Is the first interchangeable biologic a big deal?

At one level, no. Science supports interchangeability and there is every reason to believe that switching between these essentially indistinguishable products will be fine and no different for patients than changing between batches of their current medicine. The FDA knows what it is doing with biologics, biosimilars, and interchangeability, and Viatris/Biocon, the sponsors of Semglee, have huge experience with making insulin as Biocon already manufactures a vast proportion of the insulin consumed worldwide. The quality standards are the same for all biologics approved by the FDA.

At another level, the decision is a big deal.

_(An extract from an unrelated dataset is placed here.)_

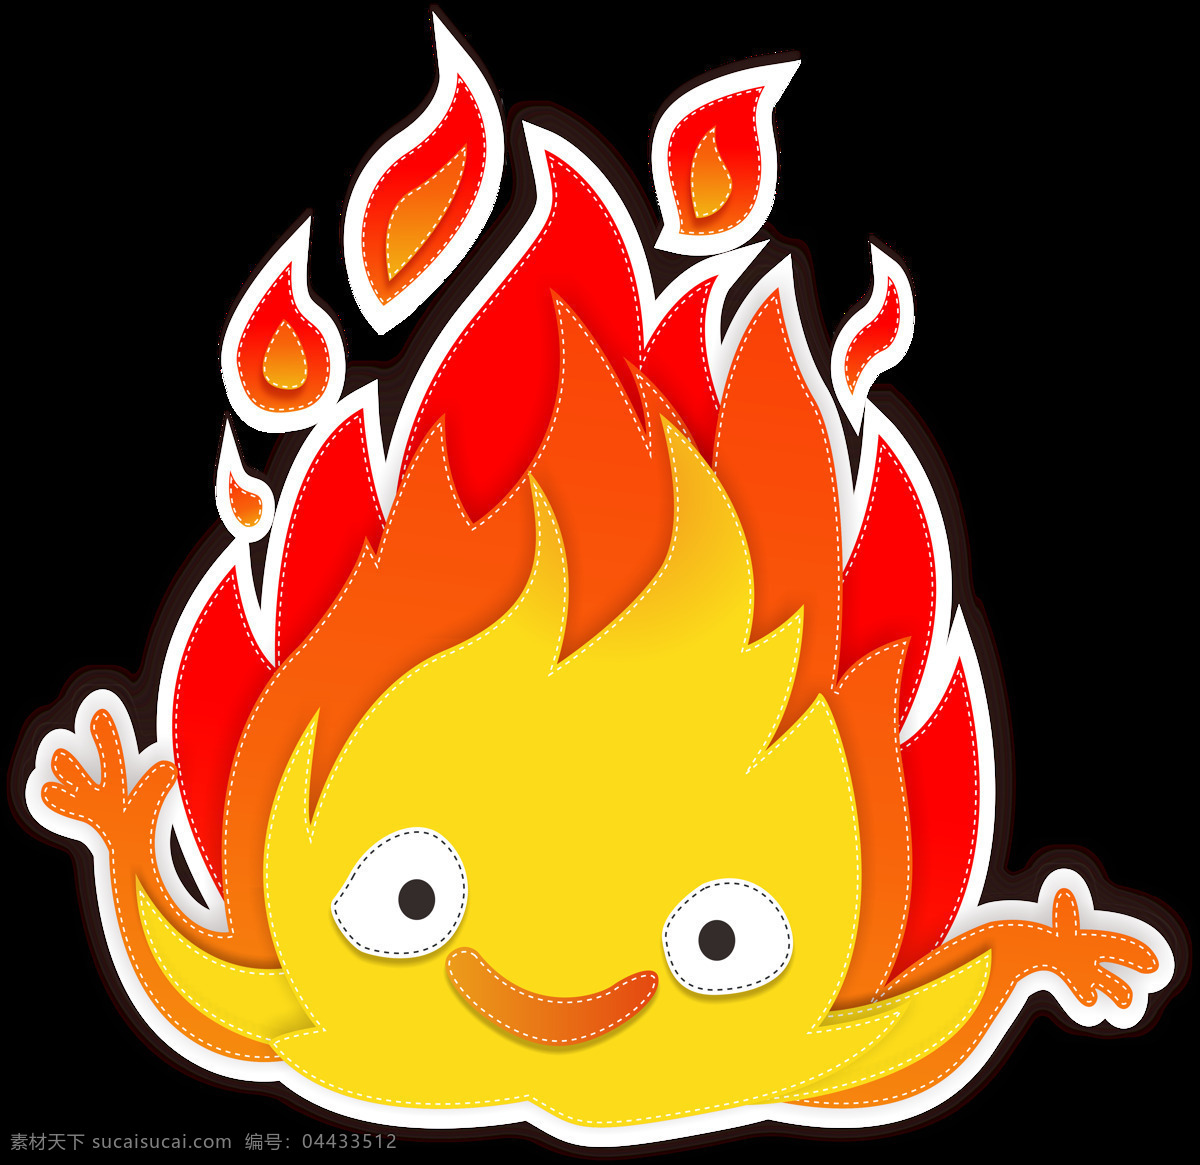 焰 火 火花 火焰山 火表情 表情 福娃 火娃 火娃娃 娃娃 娃 红色 高光 logo 标志 公司logo 平面设计 灵感 创意 火苗 火种 图标

The FDA’s first interchangeability determination for Semglee (insulin glargine-yfgn), referring to Lantus (insulin glargine) from Sanofi Aventis, represents the first public regulatory decision anywhere in the world that two biologics from different sponsors can be substituted by someone other than the original prescriber.

That is a lightning rod for slippery slope advocates who don’t follow the science or understand from biochemistry 101 that function must follow form.

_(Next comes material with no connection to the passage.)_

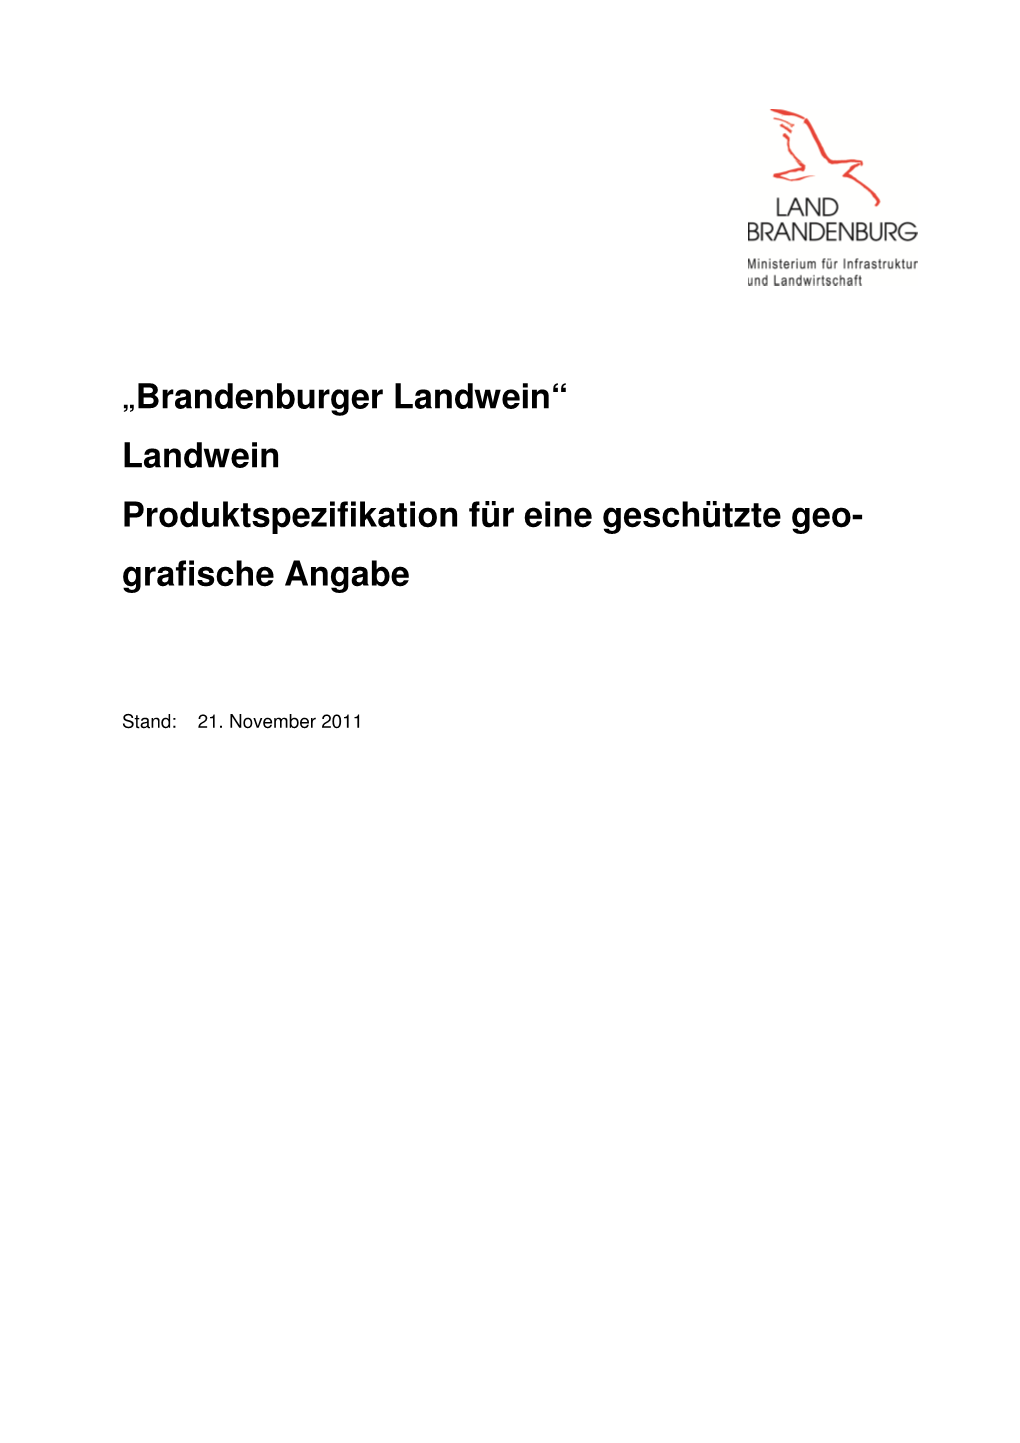 Geschützte Geografische Angabe "Brandenburger Landwein"

The potential economic ramifications of the generic model being presumed for specialty biologic medicines are considerable and the professional sensitivities of physicians not far behind.

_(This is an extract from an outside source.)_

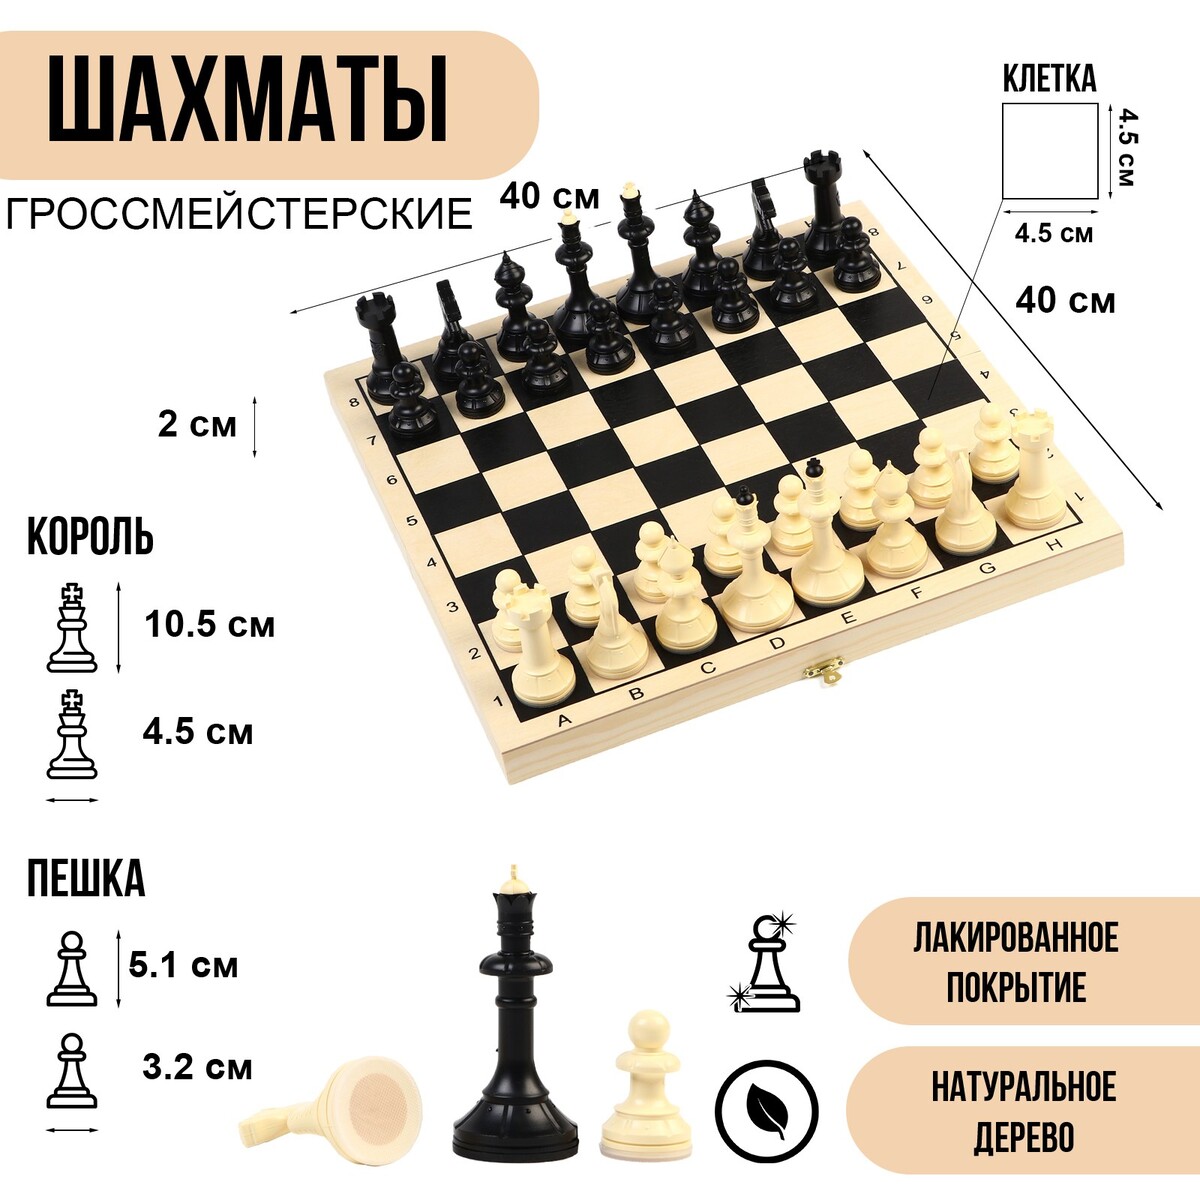 Шахматы гроссмейстерские, турнирные 40 х 40 см, король 10.5 см шахматы турнирные деревянные 40 х 40 см

Economics will now drive the debate

While such substitutions occur every day for small-molecule drugs like statins and antibiotics, it is new for biologics. Though biologics are clearly more complex than small-molecule drugs, and are made by living cells rather than chemical processes, these differences are irrelevant given that the FDA has approved the products involved and allowed those making them to tweak their manufacturing processes for decades. This is a good thing, as manufacturers need efficient ways to update their facilities and expand capacity to serve more patients.

It’s peculiar that there is a suffix on the nonproprietary name (especially because the same product, Semglee, had already been approved without one), and so this first interchangeable biologic may appear to have a different active ingredient to its reference even though this is not the case. Pharmacy workflows will need to consider this, since this is not the case for generic drugs.

What now matters is the public perception of a product change by patients and their health care providers, especially since other stakeholders have fostered such concerns using intuitively pejorative phrases like non-medical switching. The savings that patients, health systems, and insurers could accrue from easier access to biosimilars mean that someone else loses revenue they previously received. Money is zero sum whereas science, fortunately, is cumulative.

In looking toward the sustainability of competition from biosimilars and interchangeable biologics, another important consideration is the cost to develop these products. Developing a biosimilar is expensive — by some estimates up to 100 times that of developing a generic to a small molecule drug — and interchangeability will usually require additional studies that add further cost. Given these expenses, biosimilar sponsors, with or without interchangeability designations, must balance market share and price. They need to achieve a return and that means market share at sustainable prices.

But it’s wrong to assume that the cheaper product gets the greatest market share, especially for insulins which are traditionally high list price/high rebate products. In the past, some companies had to increase their price to gain market share.

And right or wrong, what we see for this first interchangeable biologic will have implications for the big one — adalimumab (Humira), a blockbuster monoclonal antibody used to treat rheumatoid arthritis, Crohn’s disease, and other autoimmune diseases.

Gillian Woollett is a principal research scientist at Avalere, a health care business consulting firm headquartered in Washington, D.C.